We can look up the explained variance ratio

In [None]:
pca.explained_variance_ratio_

This means the first variable explains 84% of the variance, the second one an additional 14%, such that just two dimensions explain 98% of the variance!

This is something we can also calculate from the SVD, by taking the square of the singular values, and dividing by the sum of the squares of the singular values

In [None]:
np.square(s) / np.sum(np.square(s))

# The Swiss roll
Let's have a look at a synthetic dataset known as the swiss roll

In [None]:
from sklearn.datasets import make_swiss_roll

X, t = make_swiss_roll(n_samples=1000, noise=0.2, random_state=42)
fig = plt.figure(figsize=(8, 8))
ax = fig.add_subplot(111, projection="3d")
ax.scatter(X[:, 0], X[:, 1], X[:, 2], c=t, cmap=plt.cm.hot)
ax.view_init(10, -70)
ax.set_title("Swiss Roll Dataset")

And run PCA on it

In [None]:
pca = PCA(n_components=2)
X2D = pca.fit_transform(X)
sns.scatterplot(x=X2D[:, 0], y=X2D[:, 1], hue=t, palette=plt.cm.hot)

Now, lets try t-SNE to visualize

In [None]:
from sklearn.manifold import TSNE

tsne = TSNE(n_components=2, random_state=42)
X2D = tsne.fit_transform(X)
sns.scatterplot(x=X2D[:, 0], y=X2D[:, 1], hue=t, palette=plt.cm.hot)

It's pretty different!
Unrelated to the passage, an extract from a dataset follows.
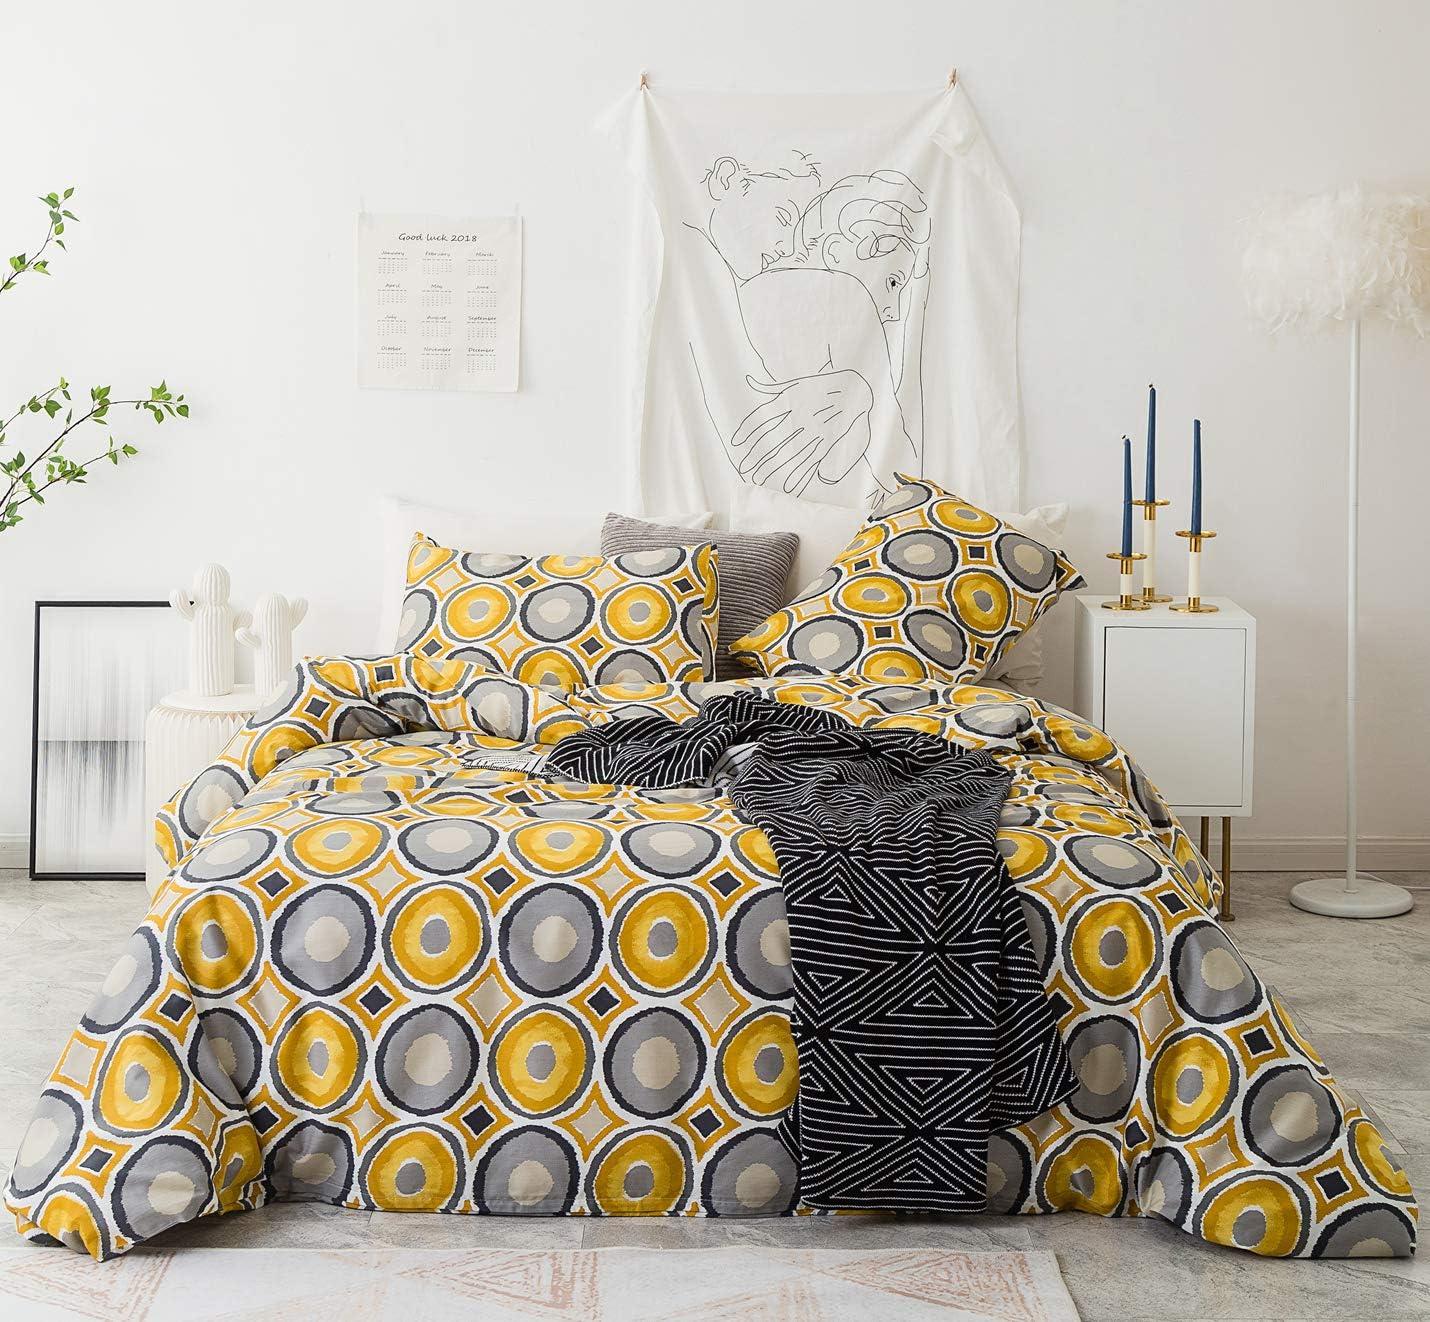 YuHeGuoJi 3 Pieces Duvet Cover Set 100% Cotton King Size Yellow Grey Gray Polka Dot Bedding Set

But the real value of t-SNE is that it can be used to visualize high-dimensional data, where the manifold is very complex and non-linear.

First, download the data

In [None]:
from sklearn.datasets import fetch_openml
from pathlib import Path

cache = Path.home() / ".cache/mads_datasets"
if not cache.exists():
    cache.mkdir(parents=True)


mnist = fetch_openml("mnist_784", version=1, as_frame=False, data_home=str(cache))
mnist.target = mnist.target.astype(np.uint8)

In [None]:
from sklearn.model_selection import train_test_split

X = mnist["data"]
y = mnist["target"]

X_train, X_test, y_train, y_test = train_test_split(X, y)
X_train.shape, X_test.shape

We now have 52500 examples of handwritten digits in the traindata, each represented as a vector of 784 pixels (28x28 images flattened out), and 17500 examples in the testdata.

Lets visualize the first one:

In [None]:
img = X_train[0]
plt.imshow(img.reshape(28, 28), cmap="gray")

This is clearly an handwritten digit, and we represent it as a matrix in $\mathbb{R}^{28 \times 28}$, or as a vector in $\mathbb{R}^{784}$. Now, lets try to see what happens if we visualise the data in 2D with PCA.

In [None]:
pca = PCA(n_components=2)
X2D = pca.fit_transform(X_train)
sns.scatterplot(x=X2D[:, 0], y=X2D[:, 1], hue=y_train, palette="tab10")
X2D.shape

Okay, well, PCA does something, but it's not very useful in two dimensions... Now lets try t-SNE.

In [None]:
tsne = TSNE(n_components=2, random_state=42)
X2D = tsne.fit_transform(X_train)
sns.scatterplot(x=X2D[:, 0], y=X2D[:, 1], hue=y_train, palette="tab10")

It does take a lot longer, but the result is much much better for visualisation purposes!